The speakers will be mainly for playing music, though I may use them for movies or video games occasionally. There won't be a great place to put the speakers, so if they're not floor-standing, they'll need stands, and if they are on stands, they (the stands) will have to be really sturdy. I've looked around but can't find any stands that look like they can't just be knocked over.

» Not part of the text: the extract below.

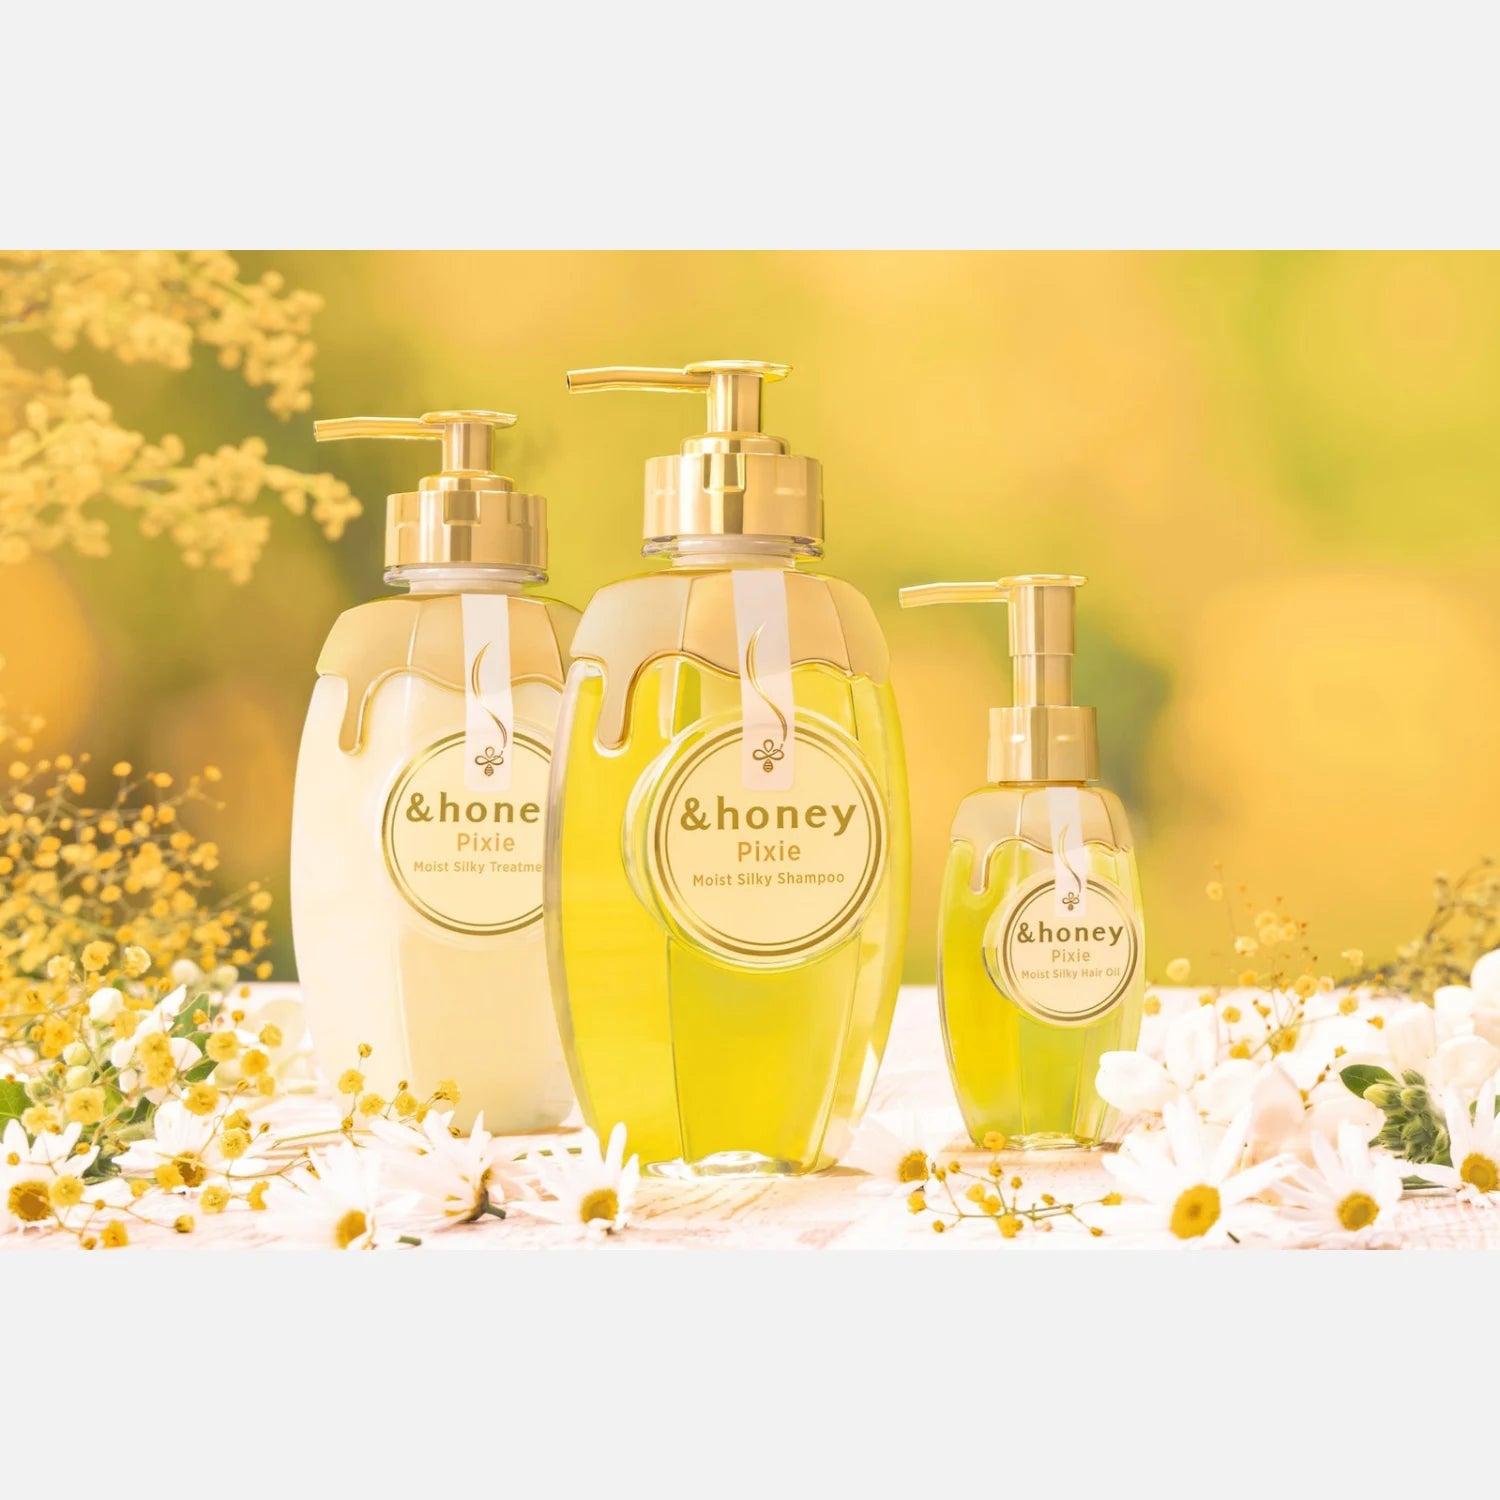 & Honey Pixie Moist Silky Shampoo, Treatment & Hair Oil Set 440ml Each + 100ml - Buy Me Japan

What would be the best speaker/amp/stand combo given my budget?

Thanks!


----------



## Mike Edwards (Mar 10, 2011)

sundance0 said:


> Hi. I'd like to buy some new speakers for my dorm room. I don't know the exact square footage of the room, but it's not too big. I'd like the speakers to be able to get loud, but again the room isn't huge so it's not like it'd take all that much. Ideally, the speakers also wouldn't be very easy to blow out (I can imagine someone blasting music briefly at a party/etc., and I don't want something like that to just ruin the speakers in one go). My budget is about $400-$500 for the speakers, speaker stands (if needed), and the amp/receiver.
> 
> The speakers will be mainly for playing music, though I may use them for movies or video games occasionally. There won't be a great place to put the speakers, so if they're not floor-standing, they'll need stands, and if they are on stands, they (the stands) will have to be really sturdy. I've looked around but can't find any stands that look like they can't just be knocked over.
> 
> ...


honestly... I'd get something cheap n used for that situation. Dorm rooms are usually very unideal for placement and longevity. things get stolen, things get broken. if you want something solid as a rock and you have some wood working skills you could make a pair of Fusion 10's SEOS waveguides. those things can be CRANKED with ease. otherwsie I'd scour craigslist for some decent bookshelves and just make a wall stand to keep them secure


----------



## nova (Apr 30, 2006)

For your situation and needs, I think I'd recommend a pair of Yamaha NS-777 or Infinity Primus 363. You should be able to get them for about $300 - $400 a pr. if you keep an eye out for sales. Have seen the Primus go for $99 ea now and then. And something like an Onkyo TX-8050 or Denon DRA-397 stereo receiver, either of which can be had for leass than $200.


----------



## Evoking1230 (Nov 27, 2012)

definitely go with something used.

Polk r150's can be had for anywhere between $49 -$99 per pair new.

dont forget a sub for that boom boom


----------